Using device_map='auto' for training

I was reading the tutorial for how to load large models for inference with accelerate (Handling big models for inference) and saw the note that device_map='auto' is not suitable for training because there are parts of the code wrapped in torch.no_grad contexts. My question is what specific parts actually require no_grad and in what settings do they apply?

I went and tried device_map='auto' anyways to load a pretrained model across 2 GPUs and it seemed like it was still training as training loss decreased and weights were updated. However, given the warning in the docs, I’m not sure if the model was actually trained across all layers/batches/etc. Would it be possible to clarify the warning in the docs with a bit more specificity?

1 Like

Considering it’s a tutorial for inference, there is no mention of training because training is not supported. It is solely for its title: big model inference

We’re looking into a method for supporting training, however generally you’d want to use DeepSpeed or FSDP for this


Hi @muellerzr, thanks for the reply. I guess I had seen the note on training at the end of the “Run the model” section of the tutorial, it’s just a short blurb warning against using the feature for training. But the point is well taken that the intent of the feature is for inference and that ZeRO or FSDP are the officially supported methods right now.

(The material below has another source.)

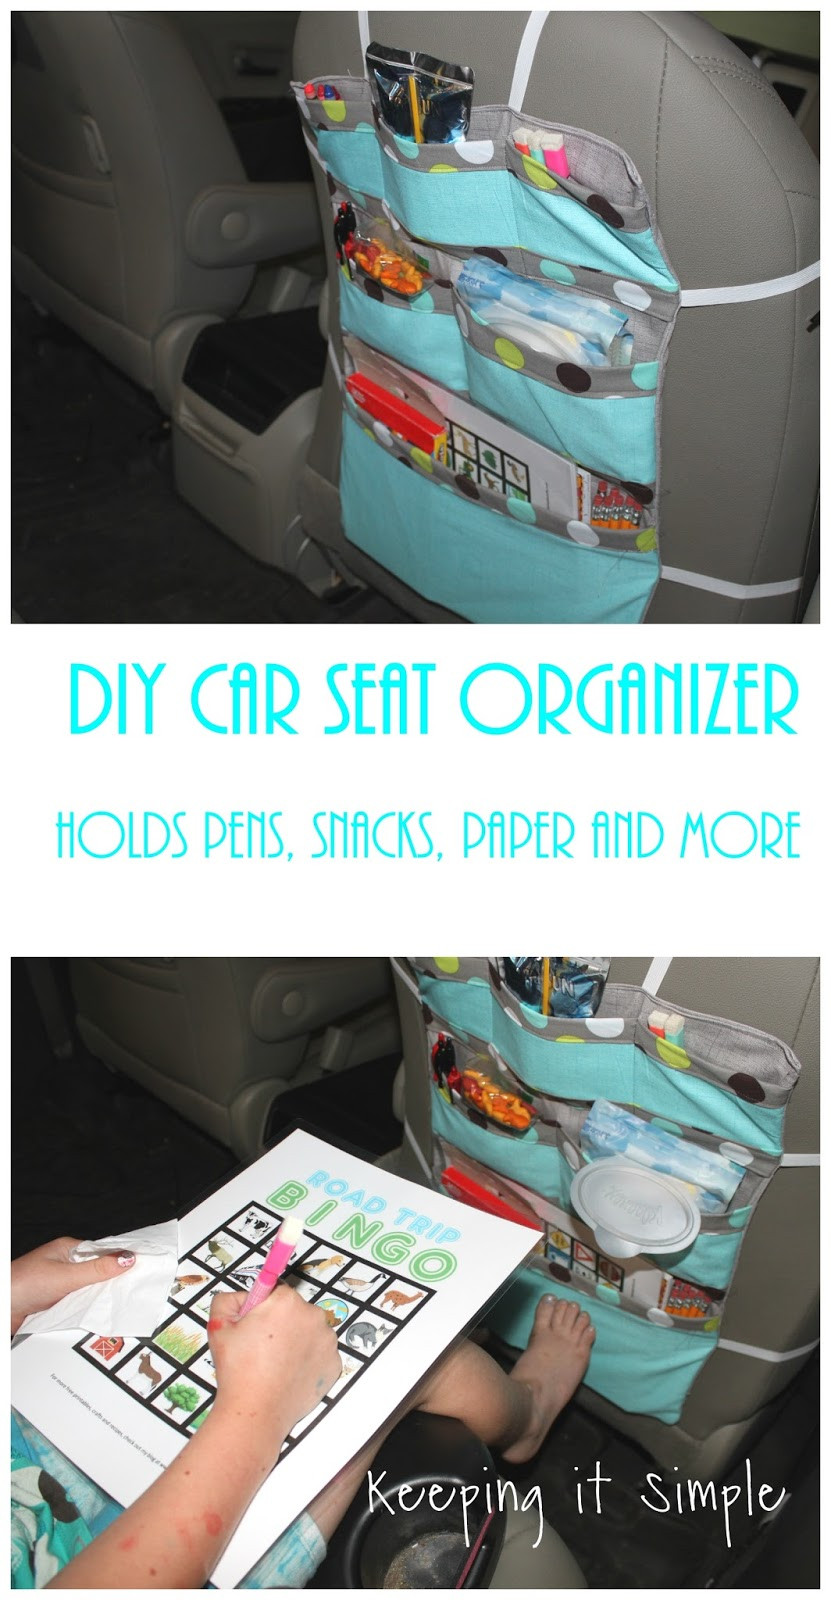 DIY Car Organizer
 Keeping it Simple DIY Car Seat Organizer Perfect for

My follow up question is why wouldn’t model parallelism across multiple GPUs work for training? I’m looking through the GPT2Model implementation specifically and saw there’s a pair of functions being deprecated for parallelizing/deparallelizing. While it’s probably not the same implementation as in from_pretrained(device_map='auto'), it seems the idea would still be to put the different layers onto different devices. Also in the forward function, there’s code for moving the intermediate tensors to the device of the distributed layers. This seems like the basic model parallelism paradigm with native torch, as suggested in this torch tutorial. It seems like backprop in torch should be able to handle this exact scenario, of distributed across multiple GPUs. Am I missing something?

edit: did some more reading through various docs/source files, is GPT2 specifically an exception to training with model parallelism? I saw a line in the multi gpu training doc that says:

:hugs: Transformers status: as of this writing none of the models supports full-PP. GPT2 and T5 models have naive MP support.

Hi @songs1 @muellerzr
Can i train my models using naive model parallelism by following the below steps:

  1. For loading model to multiple gpu’s (2 in my case), i use device_map=“auto” in from_pretrained method.
  2. To train the model i use trainer api, since trainer api documentation says that it supports multi-gpu training.

Would above steps result in successful training?